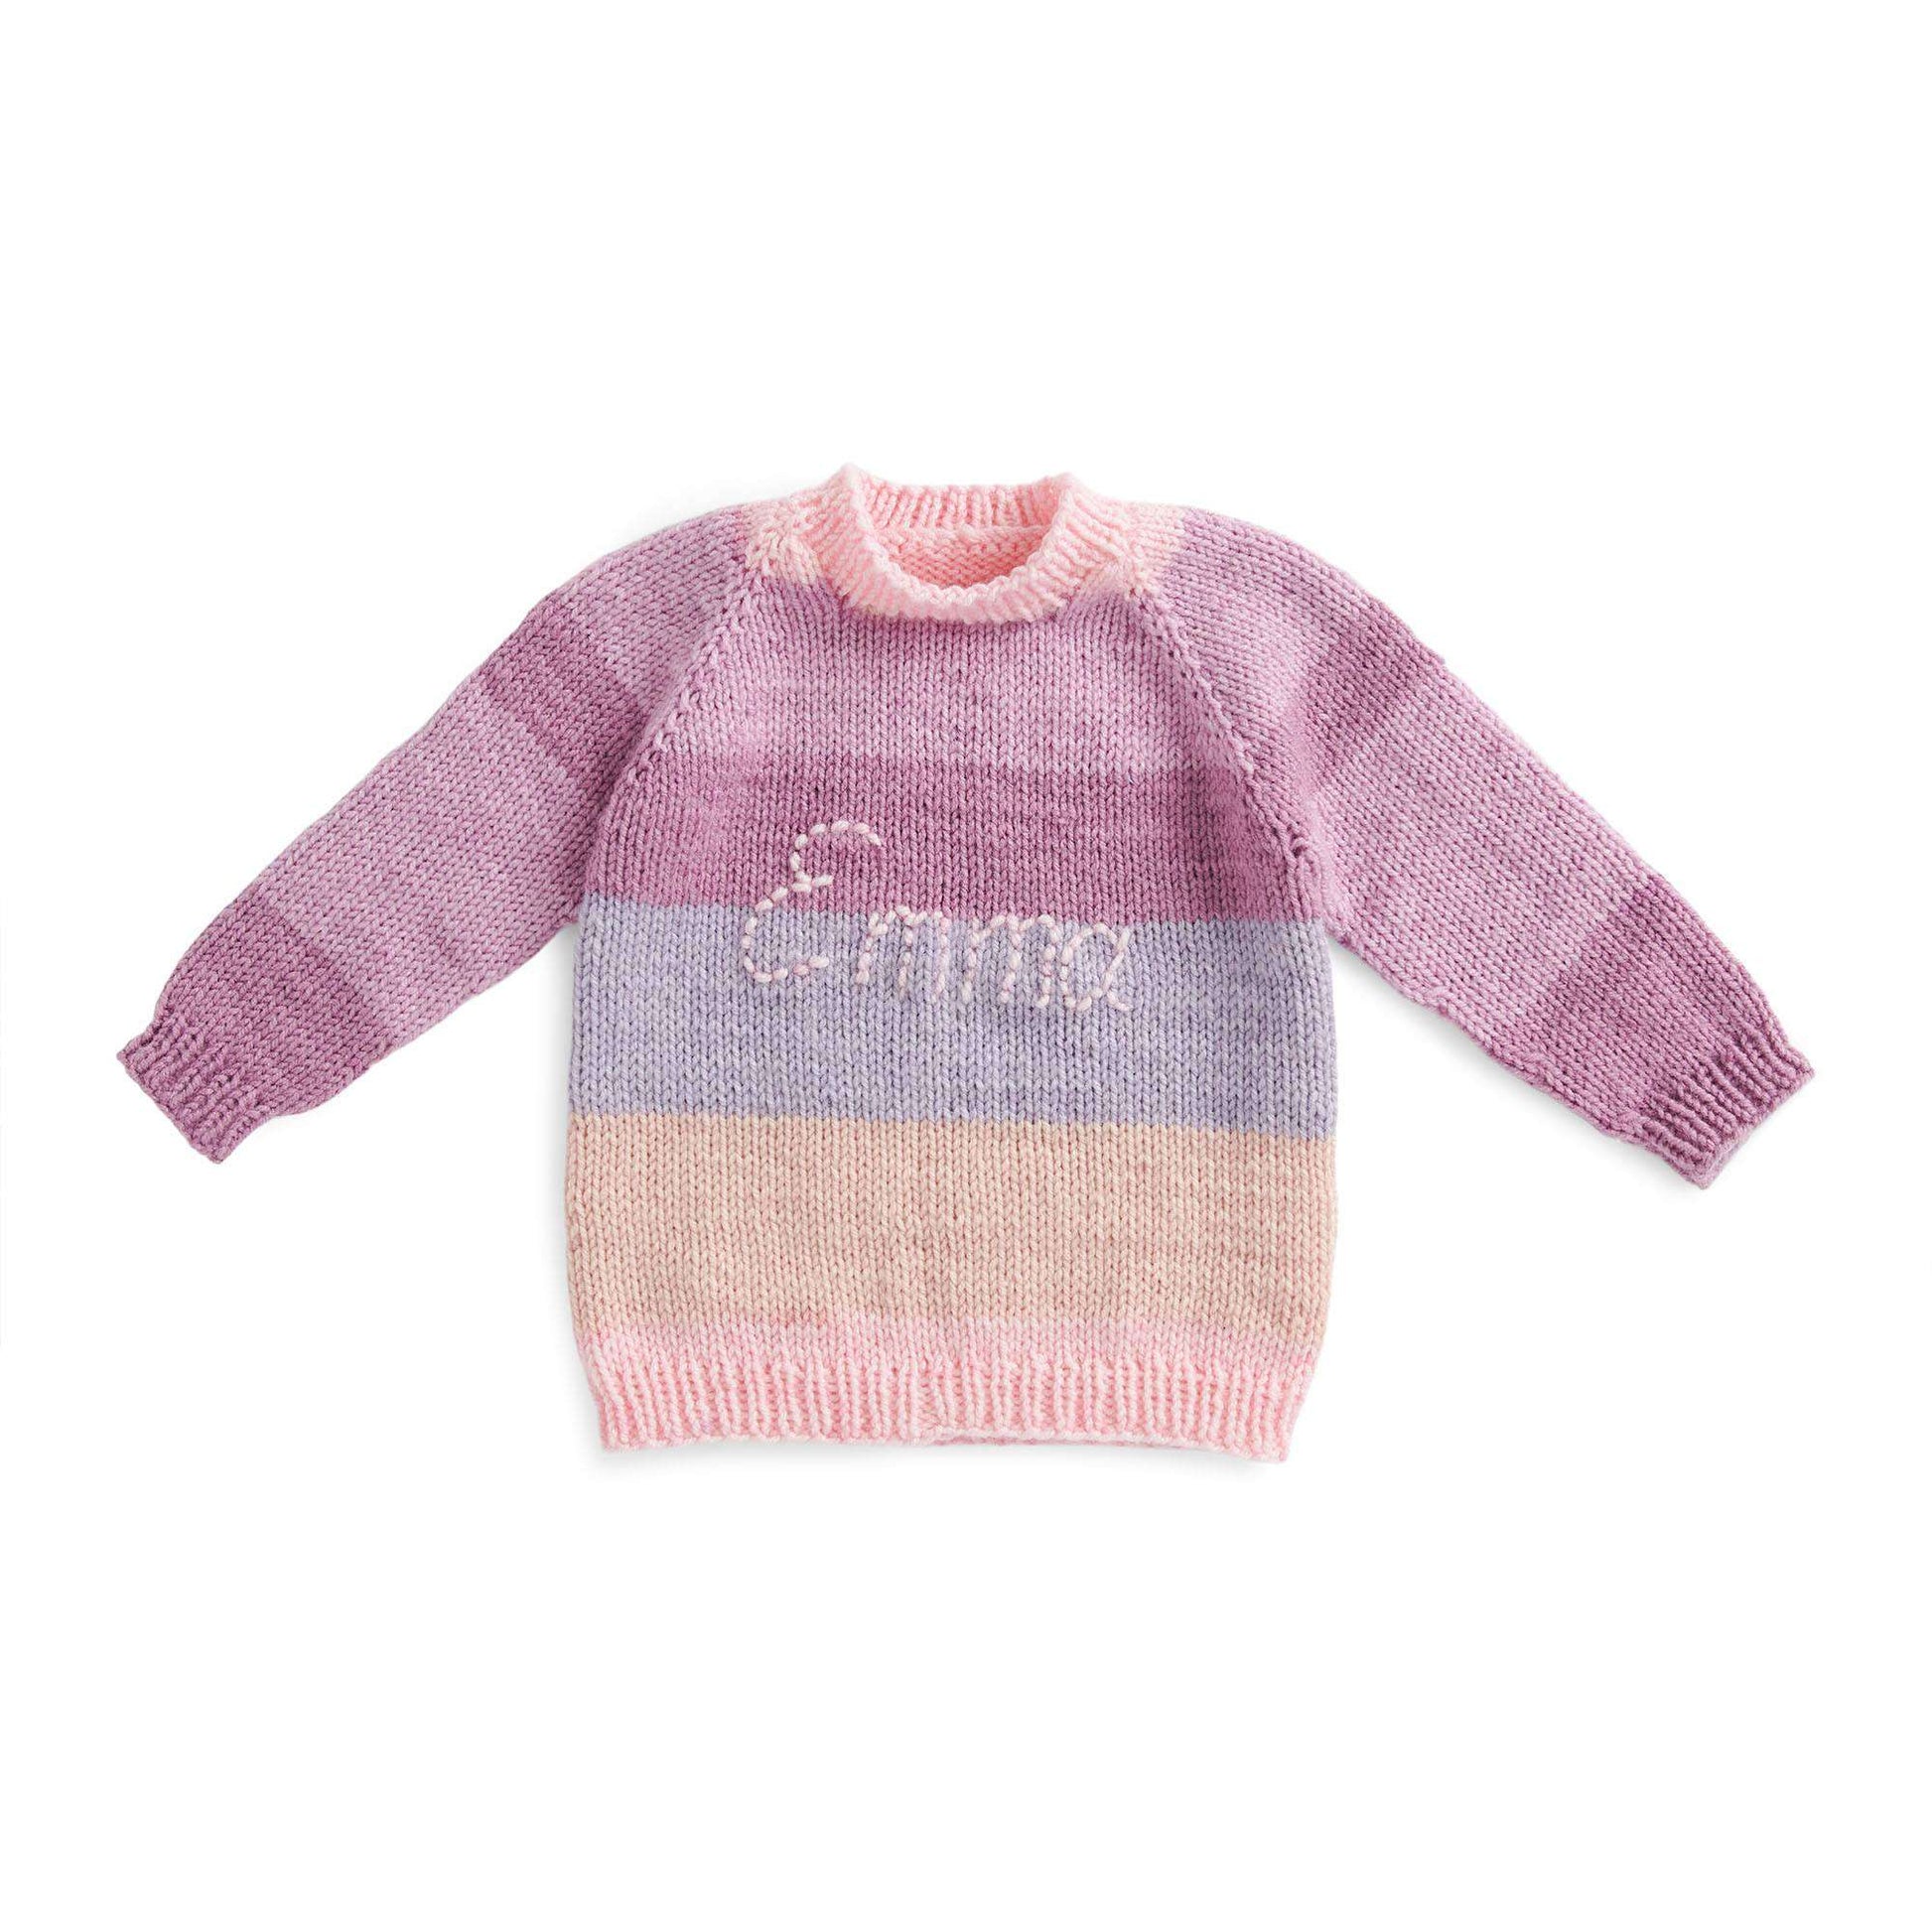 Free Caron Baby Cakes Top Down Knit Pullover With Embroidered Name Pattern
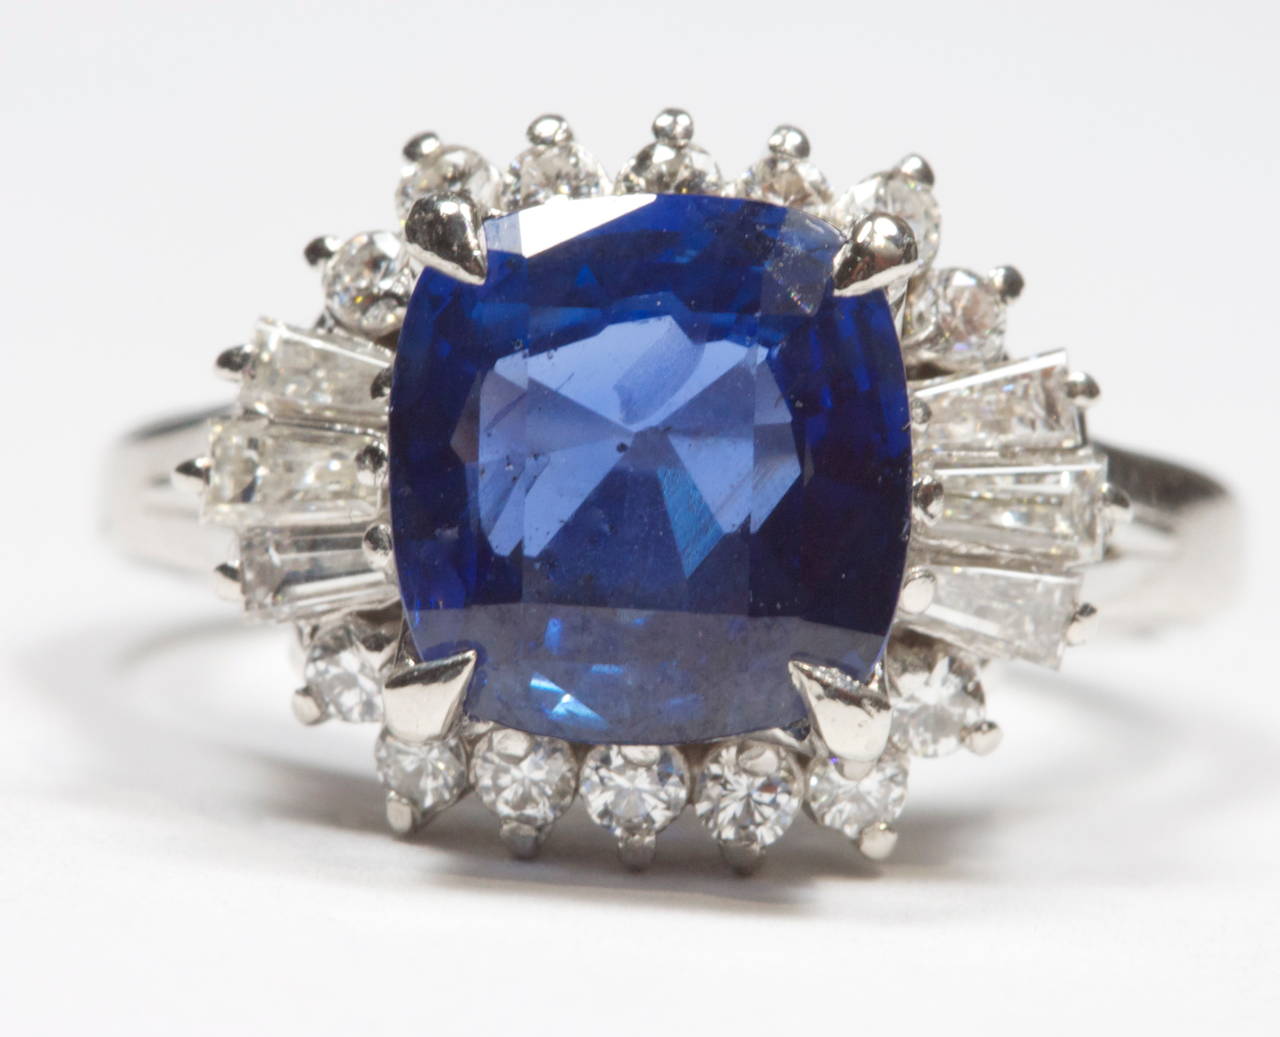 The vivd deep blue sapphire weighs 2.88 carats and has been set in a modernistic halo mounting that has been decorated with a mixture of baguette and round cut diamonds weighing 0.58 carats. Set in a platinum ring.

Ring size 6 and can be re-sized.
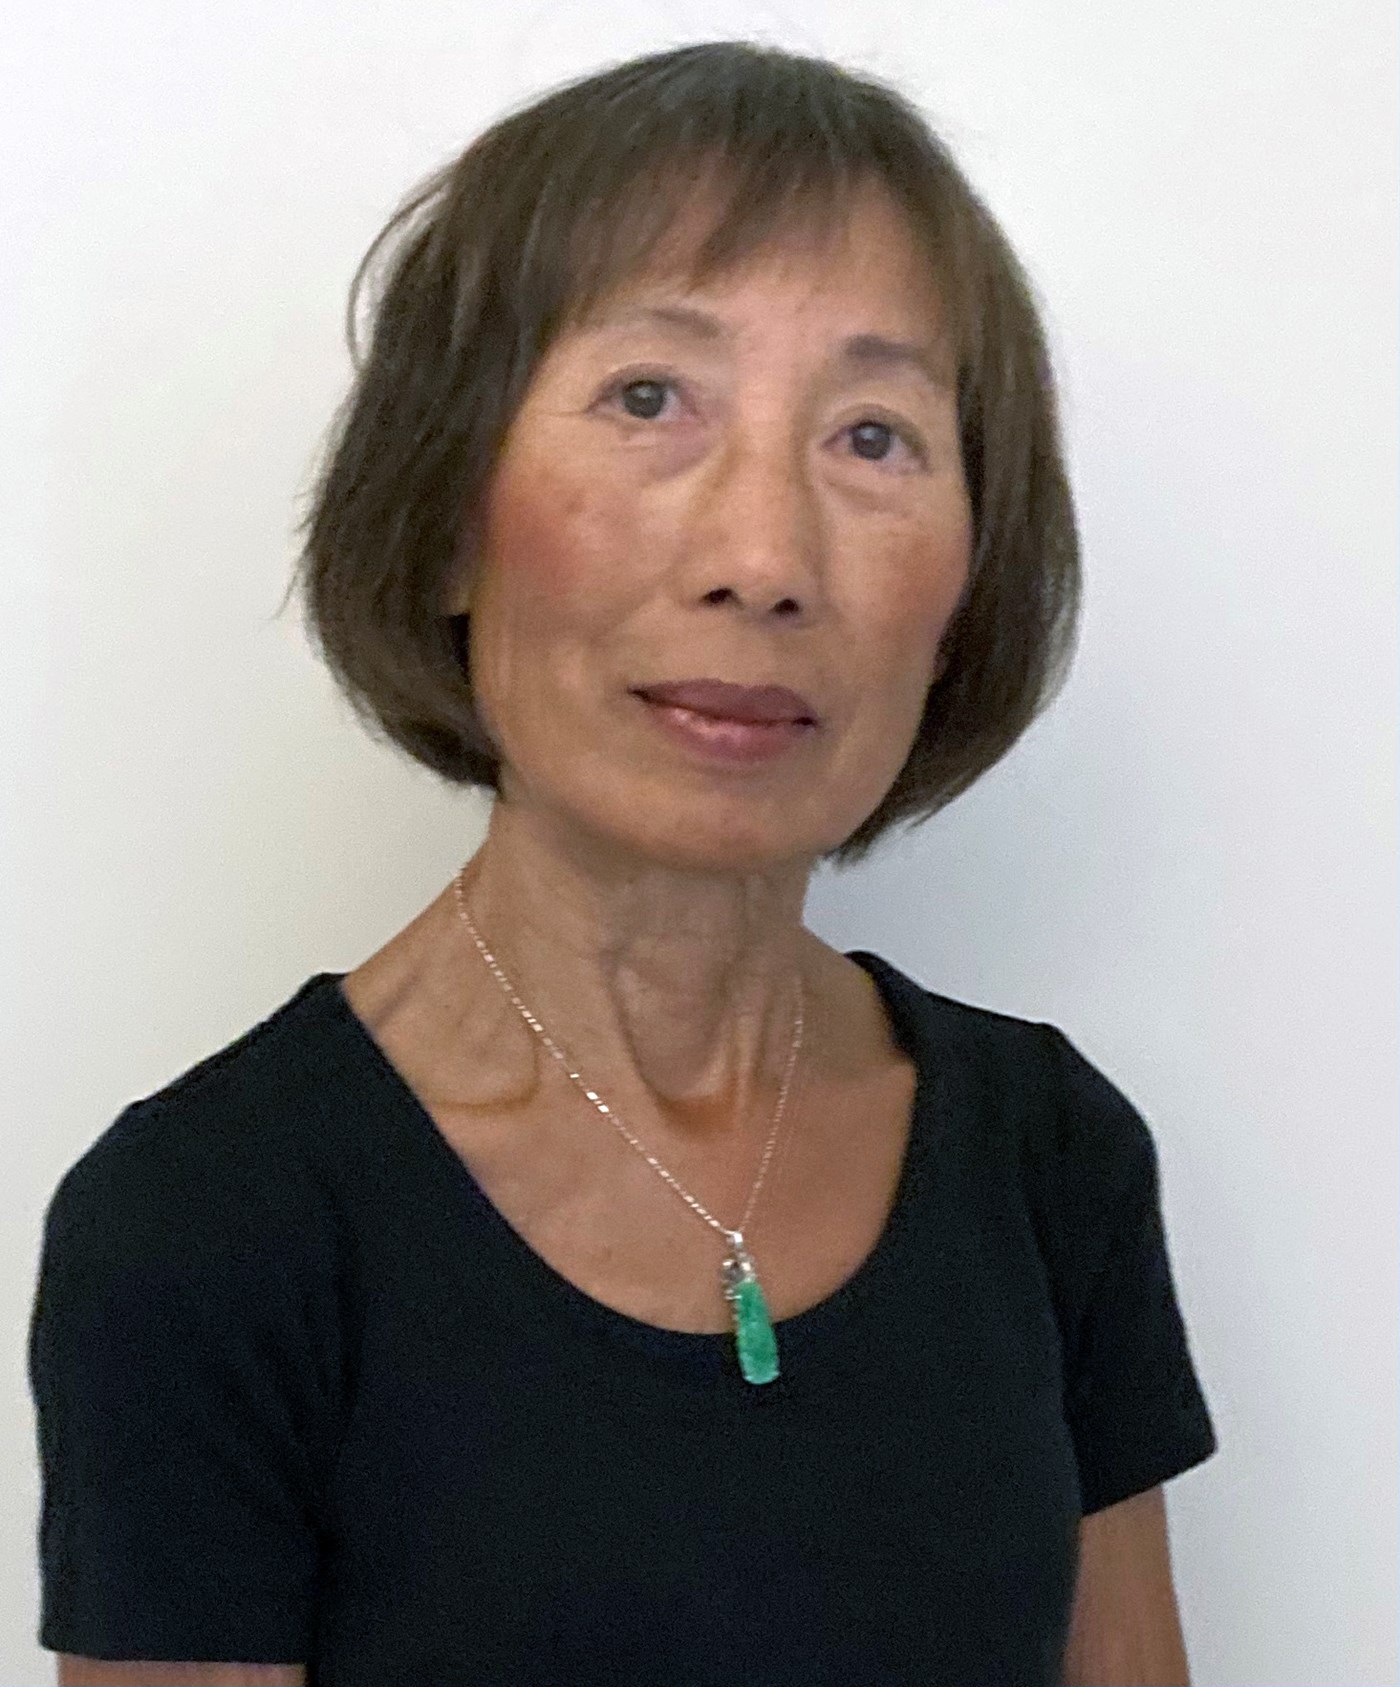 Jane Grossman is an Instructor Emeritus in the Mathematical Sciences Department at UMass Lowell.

* [Work instruction]
Without the pictures, repeat the line with "The vivd deep" and every line after it to the end of the listing, and nothing else.

* [Exercise solution]
 The vivd deep blue sapphire weighs 2.88 carats and has been set in a modernistic halo mounting that has been decorated with a mixture of baguette and round cut diamonds weighing 0.58 carats. Set in a platinum ring.

Ring size 6 and can be re-sized.
 Jane Grossman is an Instructor Emeritus in the Mathematical Sciences Department at UMass Lowell.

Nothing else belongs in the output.